Although a previous molecular study could not distinguish the boundaries among these Palythoa species (Mizuyama, Masucci & Reimer, 2018), it is suggested by our results that these species are ecologically divergent, and physiological differences within Symbiodiniaceae species may contribute to their ecological adaptation. In fact, Howells et al. (2012) reported that Cladocopium C1 in Acropora tenuis showed different physiological responses between northern and southern populations in the Great Barrier Reef.
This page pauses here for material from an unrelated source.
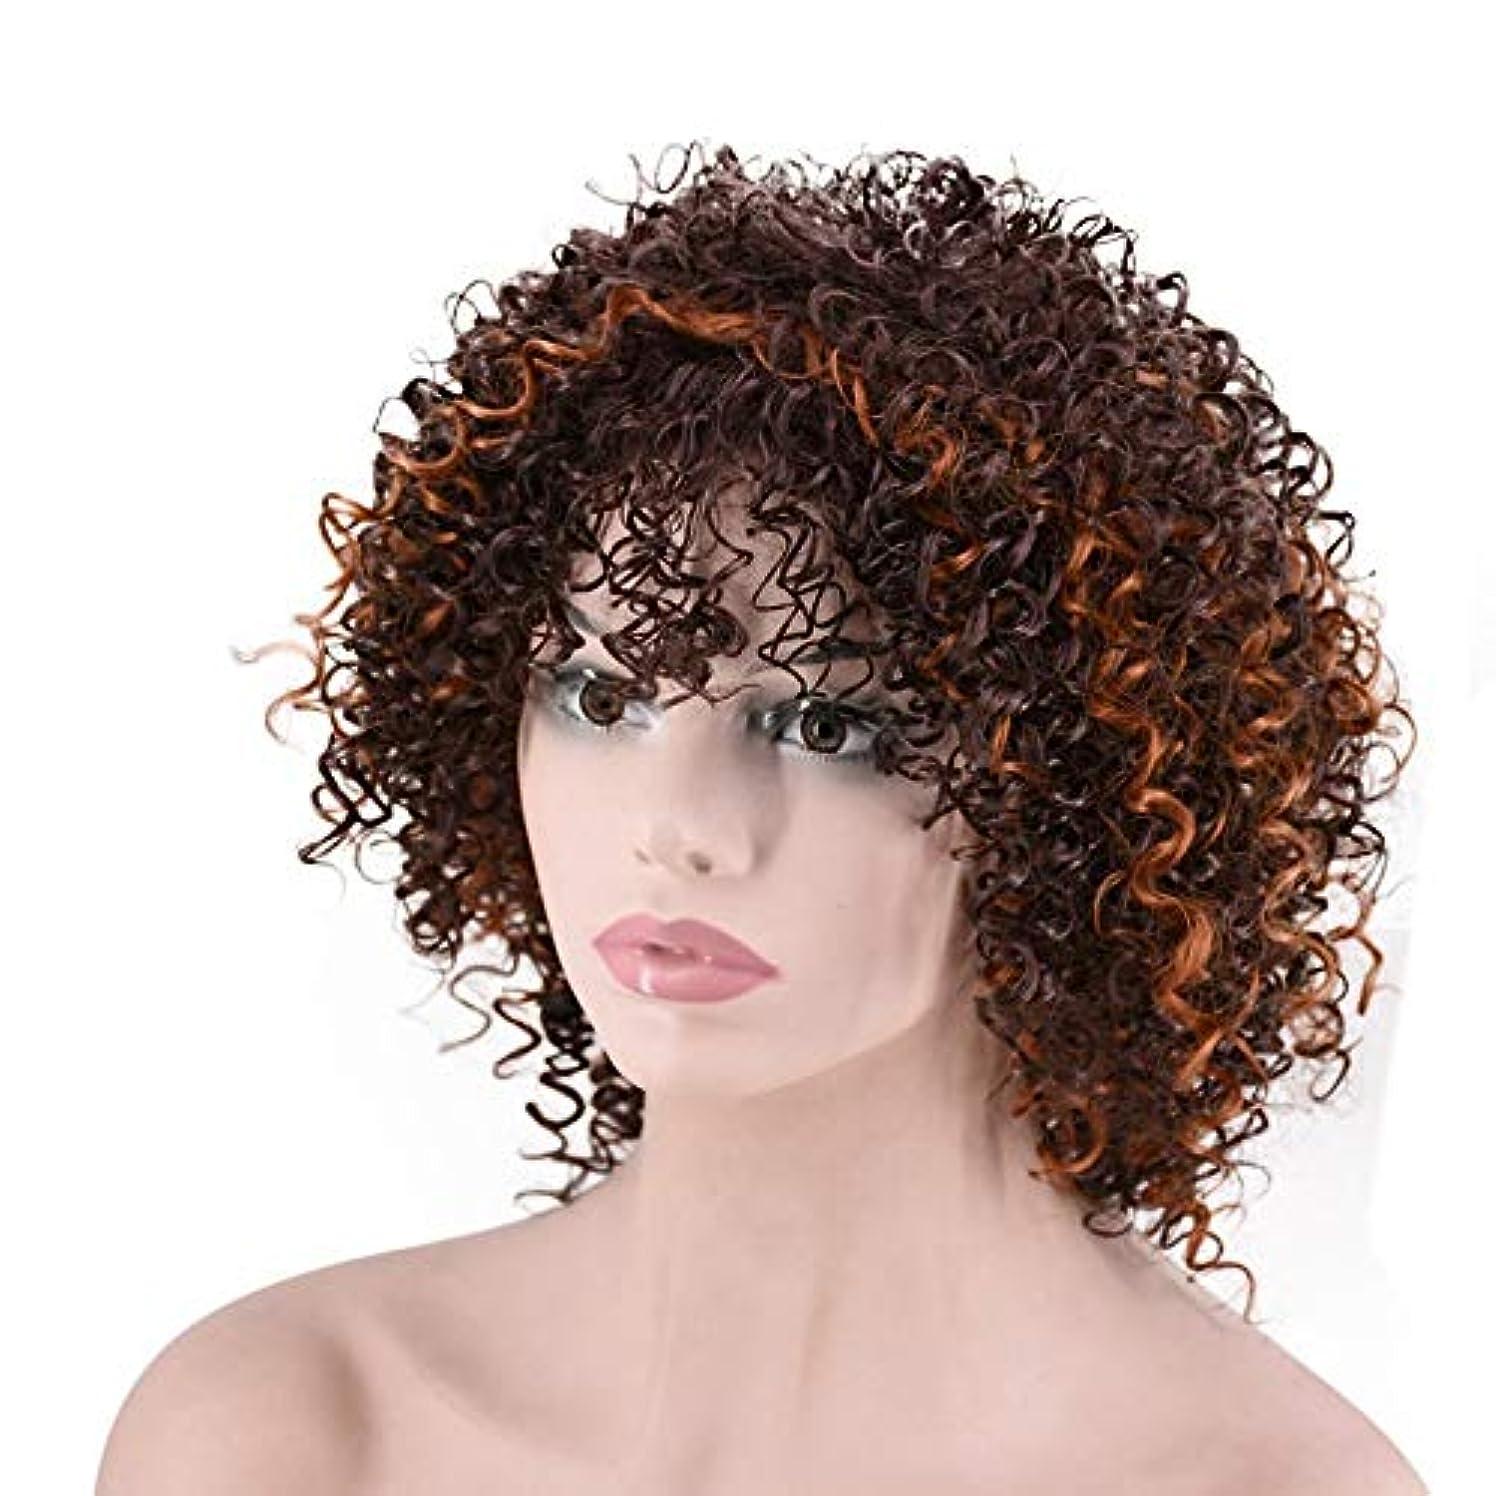 先史時代の申し立てられた印象派YOUQIU 女性のデイリードレスウィッグのための短い波状カーリーヘアブラウン熱金庫人工毛 (色 : Photo Color)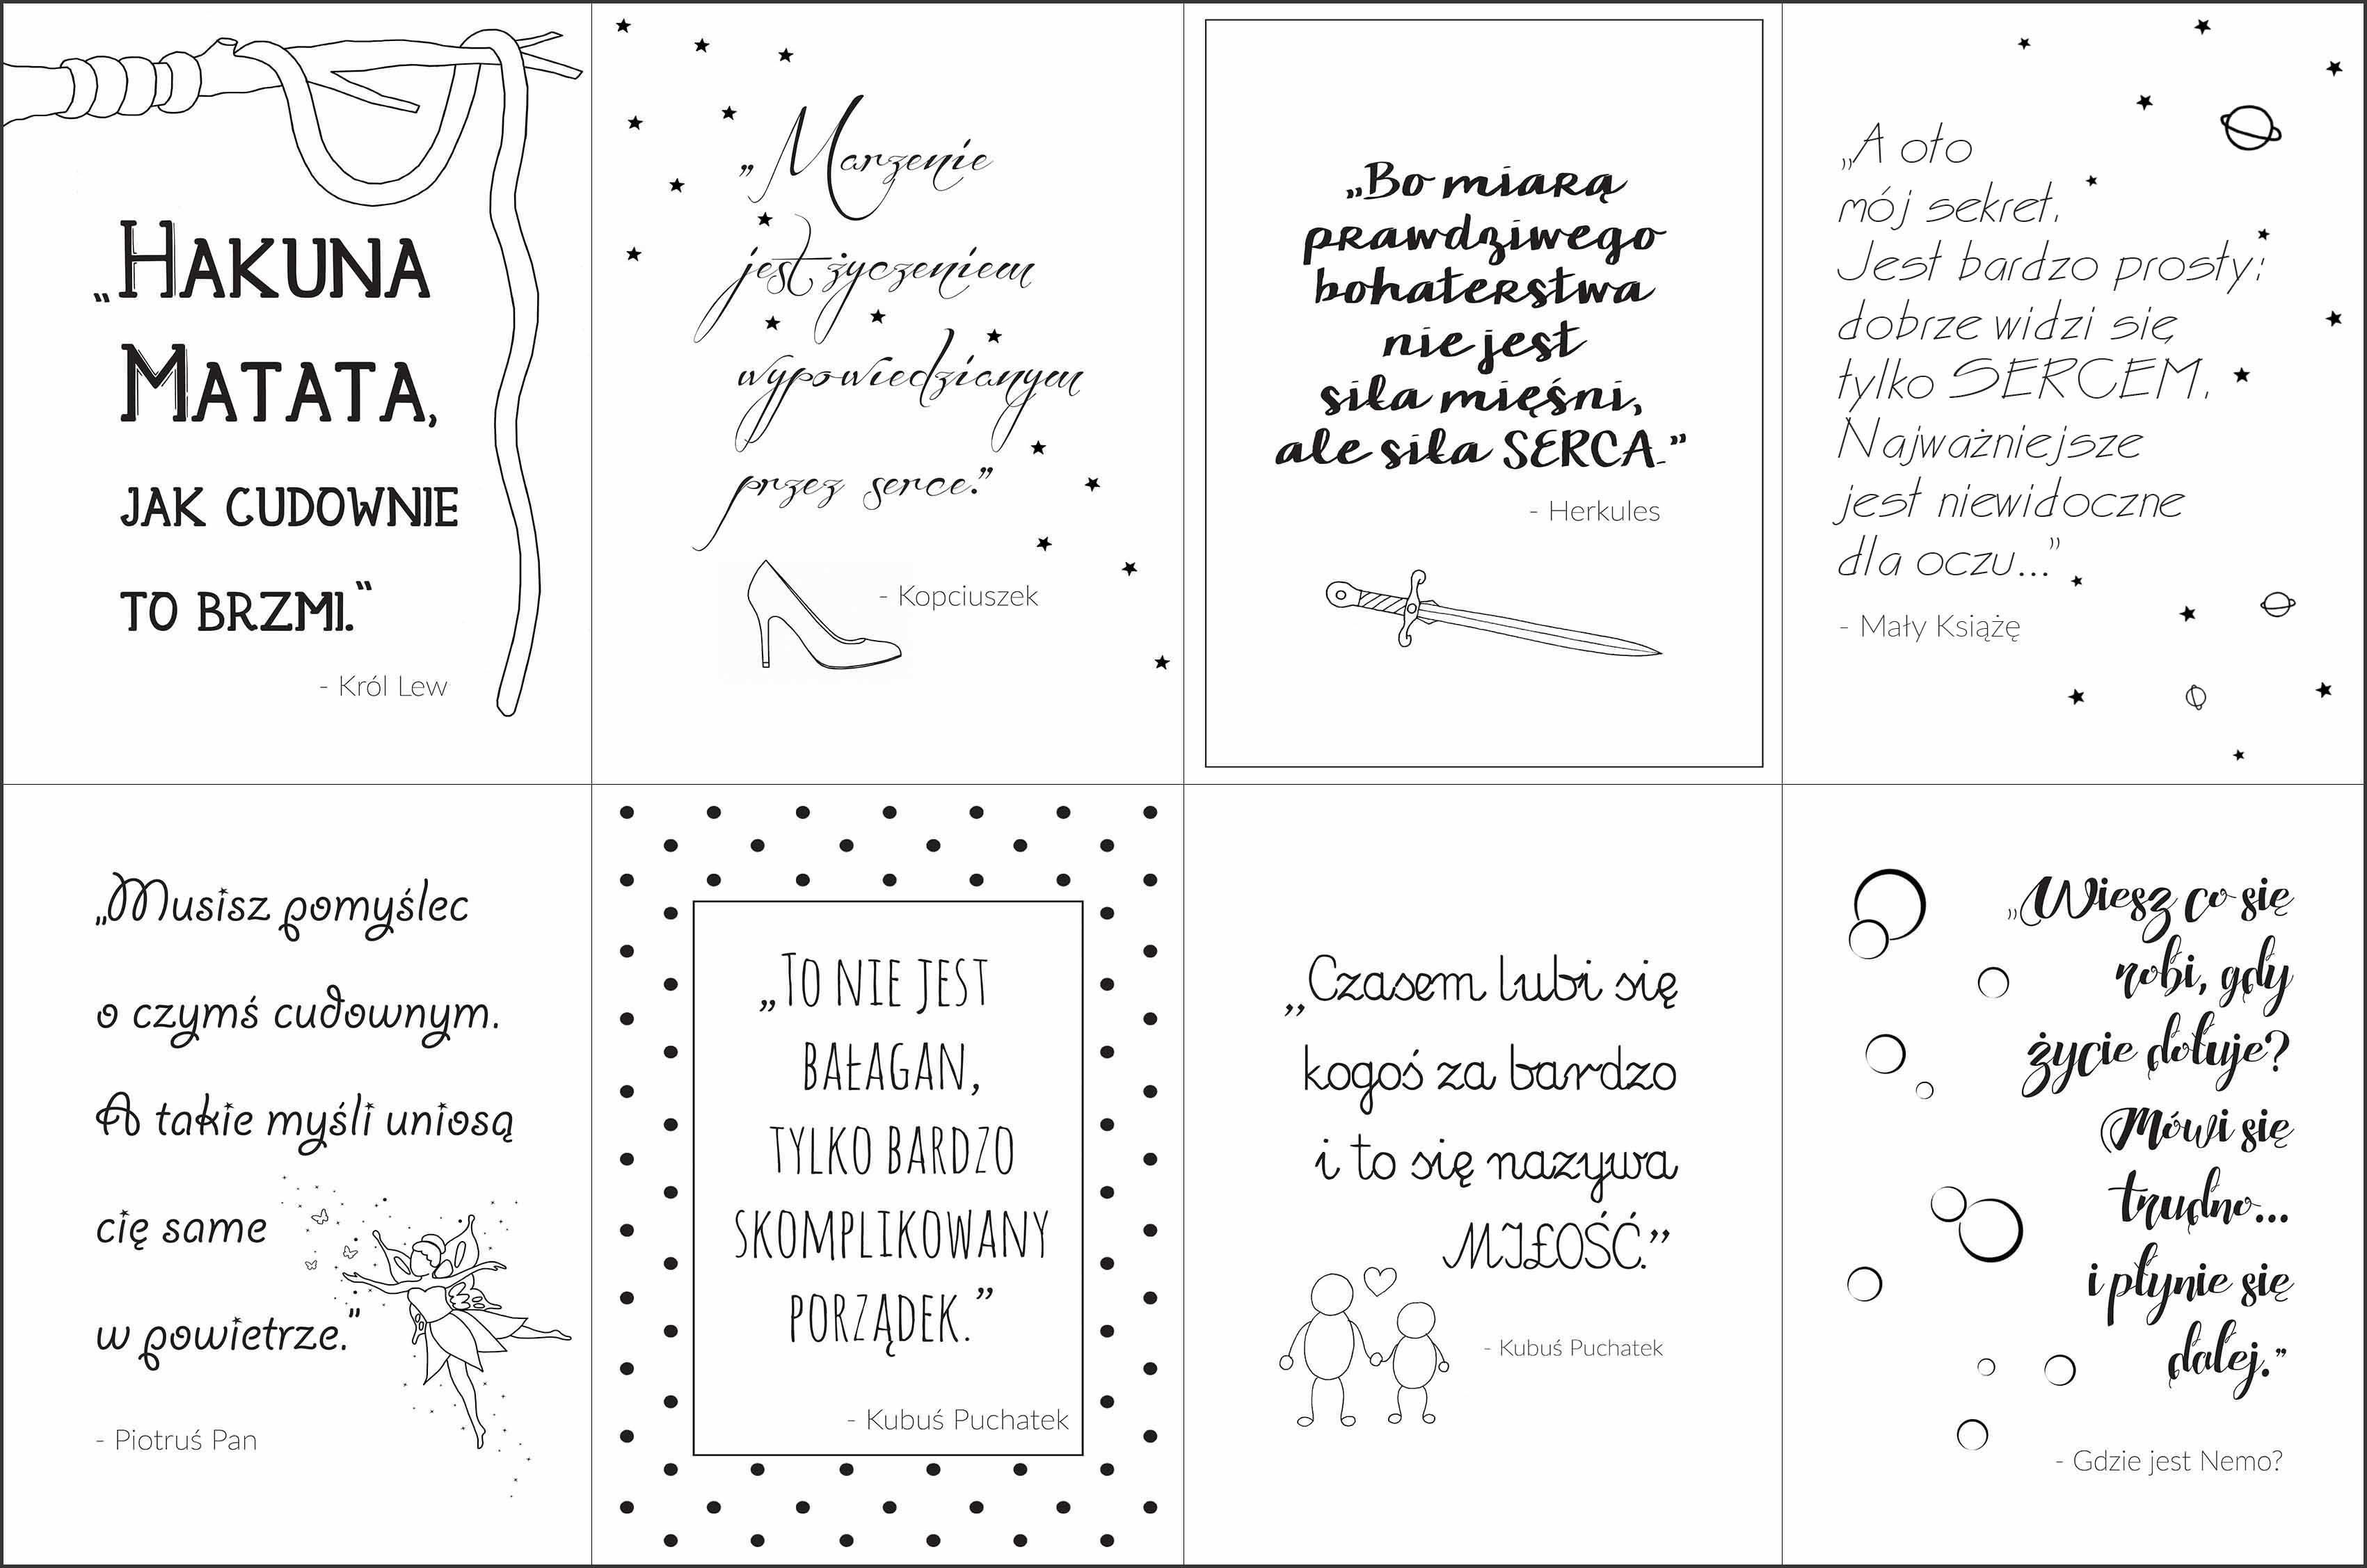 Plakaty Z Cytatami Z Bajek Do Druku Archistacja

Considering that Cladocopium contains various species distinguished by differences of only a few bp in the ITS2 maker (Thornhill et al., 2014), meta-barcoding analyses via next-generation sequencing would be necessary to further understand the detailed relationship between Symbiodiniaceae and Palythoa species complex.
Conclusions
We succeeded in obtaining genotypic data of Symbiodiniaceae from four putative Palythoa species and detected micro-scale geographic variations of the symbiotic algae among these species within a single coral reef. Our results suggest that ecological divergence among Palythoa species may be related to differences in Symbiodiniaceae diversities among microhabitats, even within a narrow reef area. More powerful genetic data such as that generated by next-generation sequencing could provide us with additional understanding on how neighboring Palythoa species have co-evolved with Symbiodiniaceae among the different microhabitats in a reef.
Supplemental Information
Composition of genotypes for ITS-rDNA sequences of Simbiodiniaceae from 4 Palythoa species
Molecular phylogenetic tree of Symbiodiniaceae of Palythoa species using sequences of the nuclear ITS-rDNA region
Shaded boxes represent three main genotypes occupying most sequences from four Palythoa species. Bootstrap values of maximum likelihood (ML) and neighbor joining (NJ) methods, and posterior probability (PP) are shown more than 70% for ML and NJ, and more than 0.95 for PP at the nodes, respectively. Scale bars indicate substitutions per site. Colored letters and colored diagrams represent Palythoa species and their habitats, respectively: red, P. tuberculosa; yellow, P. sp. yoron; blue, P. mutuki; green, P. aff. mutuki; circle in pink, reef edge; triangle in purple, reef flat; square in orange, backreef moat.